Страница 26 из 27
– Притронься, скорей, скорей, – взмолился Ван.
– Ван, бедненький, – продолжала она тоненьким голосом, каким разговаривают хорошие девочки с кошками, с козочками, со свернувшимися калачиком щенками, – конечно больно, еще бы, ты думаешь, если я дотронусь, тебе полегчает?
– Да провалиться мне, – сказал Ван, – on n'est pas bete a ce point («у всякой дурости должны быть границы» – грубоватое просторечие).
– Рельефная карта, реки Африки, – произнесла расцветающая резонерка. Ее указательный палец прошелся по голубому Нилу до самых джунглей и возвратился назад. – Ой, а это что? Даже у подосиновика нет такой чудной плюшевой шляпки. Хотя на самом деле (тоном светской беседы) он скорее напоминает цветок герани или, правильнее сказать, пеларгонии.
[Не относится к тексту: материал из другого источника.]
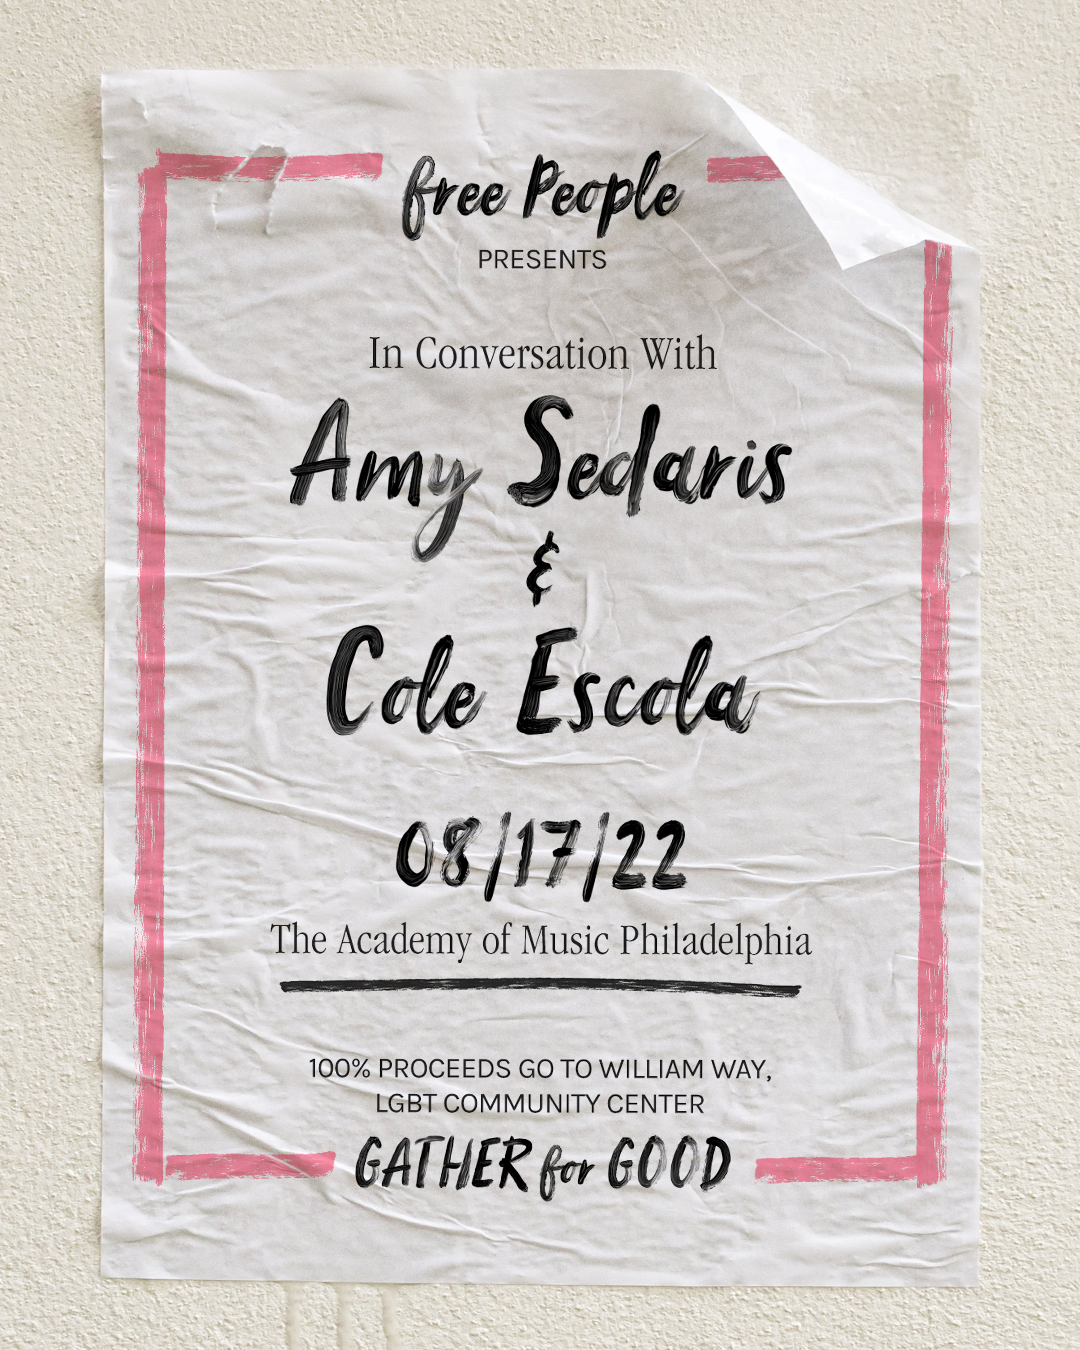 Gather for Good: Amy Sedaris and Cole Escola
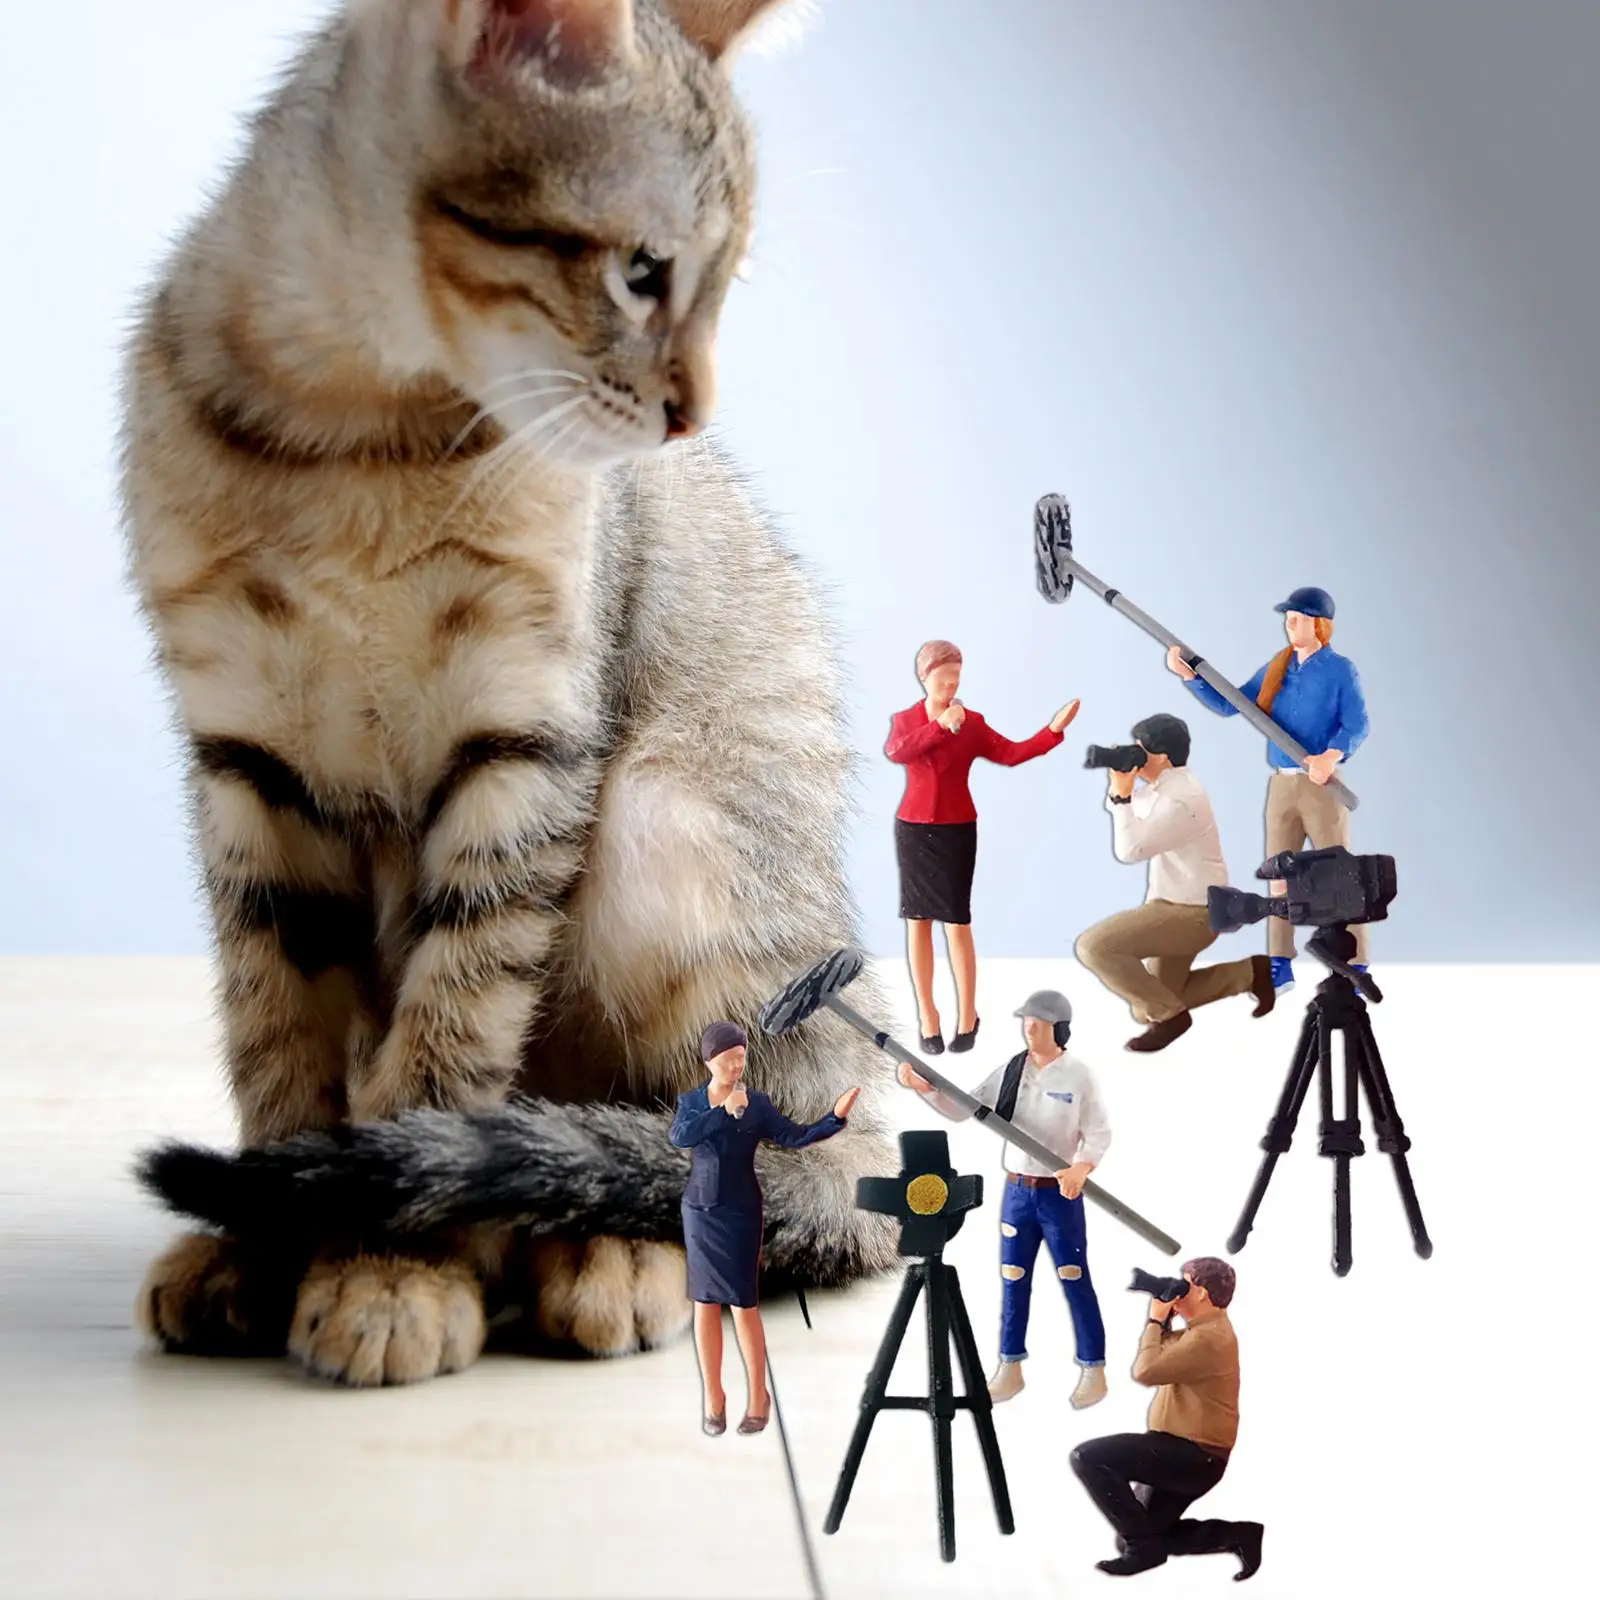 1/64 Broadcast Figure, People Model Resin Mini Figure Live Streaming Scene for Desktop Ornament Layout Micro Landscape Dioramas

– Господи, как все мы, – выдавил Ван.
– Слушай, Ван, а какой он на ощупь приятный! Нет, правда, какой приятный!
– Да сожми же его, дурища, ты что, не видишь, я умираю!
Но наша юная ботаничка решительно не имела и отдаленного представления о том, как полагается обходиться с этой штуковиной, так что Вану, дошедшему до последней черты, пришлось грубо проехаться ею по подолу Адиной сорочки, и он, растекшись в лужицу наслаждения, беспомощно застонал.
Ада в смятении уставилась на подол.
– Совершенно не то, что ты думаешь, – спокойно заметил Ван. – Не номер один. В сущности, это не грязней травяного сока. Ну вот, с Нилом все ясно точка Спеке.
(Удивляюсь я, Ван, ну отчего тебе так не терпится обратить наше поэтичное, ни с чьим иным не сравнимое прошлое в грязный фарс? Нет, честно, Ван! Но я честен, именно так все и было. Мне не хватало уверенности в себе, отсюда развязность, жеманные ужимки. Ah, parlez pour vous: я, дорогой мой, я могу засвидетельствовать, что знаменитые путешествия на кончиках пальцев по просторам твоей Африки и до самого края света начались значительно позже, когда я уже знала маршрут наизусть. Прости, не так, – если бы люди запоминали одно и то же, они бы не были разными людьми. Именно-так-все-и-было. Но мы-то с тобой не «разные»! «Думать» и «мечтать» по-французски выходит одно и то же. Вот и думай о douceur, Ван! А о чем же еще я думаю, только о ней, – кроме douceur, ничего во всем этом и не было, дитя мое, мое стихотворенье. Так-то лучше, сказала Ада.)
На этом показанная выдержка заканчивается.